Source material
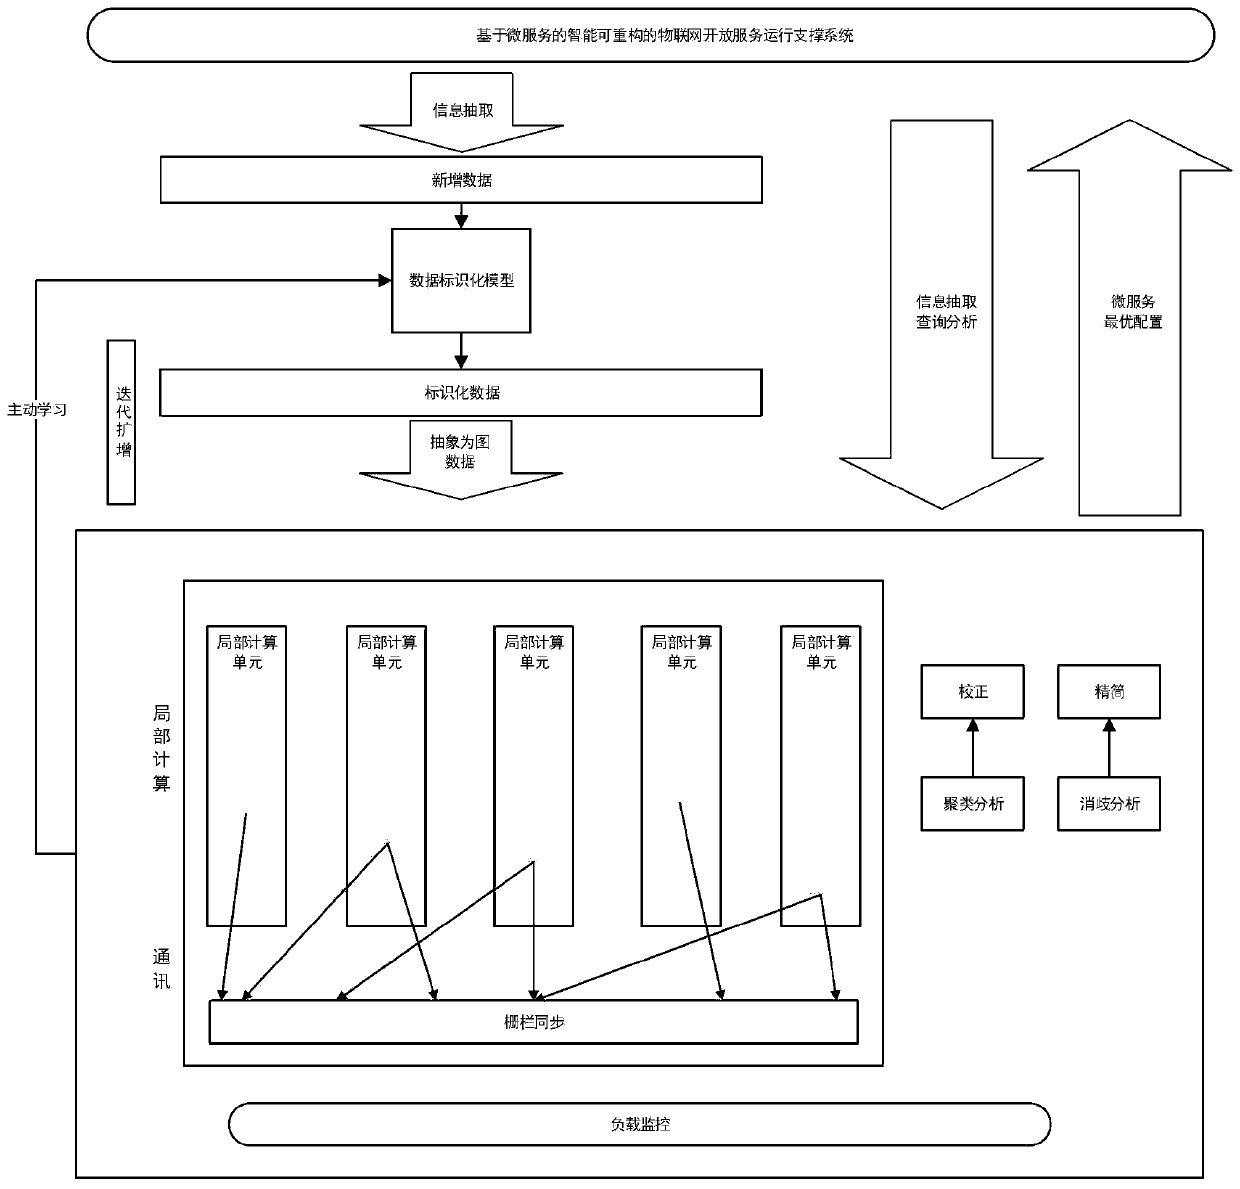 Identified association graph self-optimization mechanism
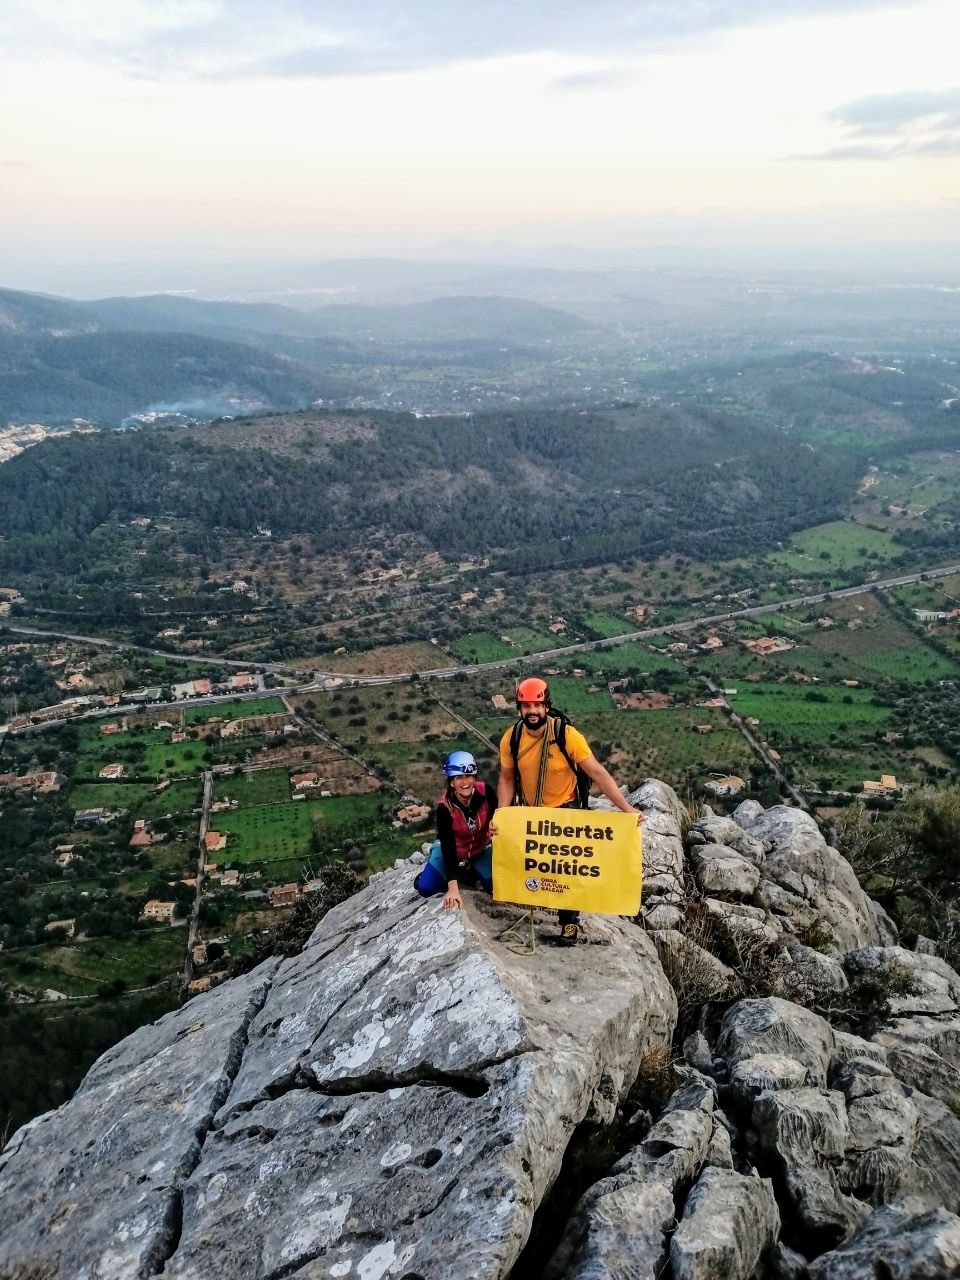 Mallorca se solidariza con los presos políticos y exiliados
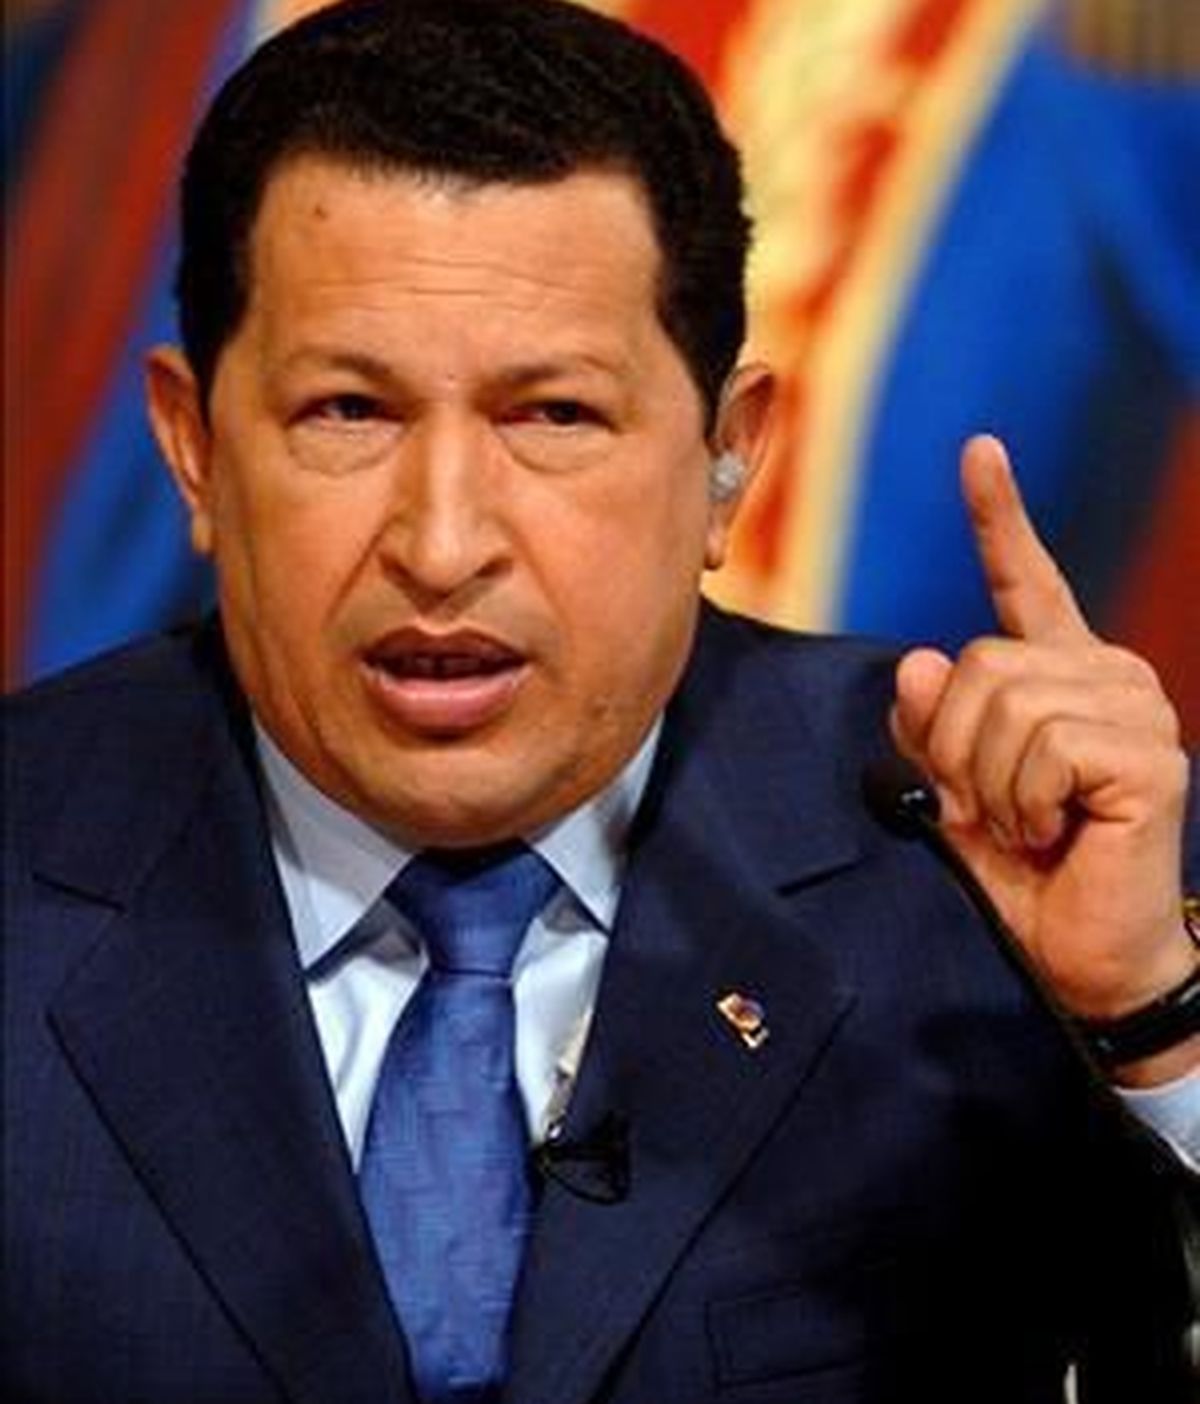 La polémica sobre la supuesta colaboración del Gobierno de Chávez con ETA se ha reavivado por las acusaciones del ministro de Exteriores de Venezuela que vincula al juez Velazco con la "mafia de Aznar". Video: Informativos Telecinco.

Exercise goal
Exclude the pictures. Write out the remaining data exactly.

Reply to the exercise
 Identified association graph self-optimization mechanism
 Mallorca se solidariza con los presos políticos y exiliados
 La polémica sobre la supuesta colaboración del Gobierno de Chávez con ETA se ha reavivado por las acusaciones del ministro de Exteriores de Venezuela que vincula al juez Velazco con la "mafia de Aznar". Video: Informativos Telecinco.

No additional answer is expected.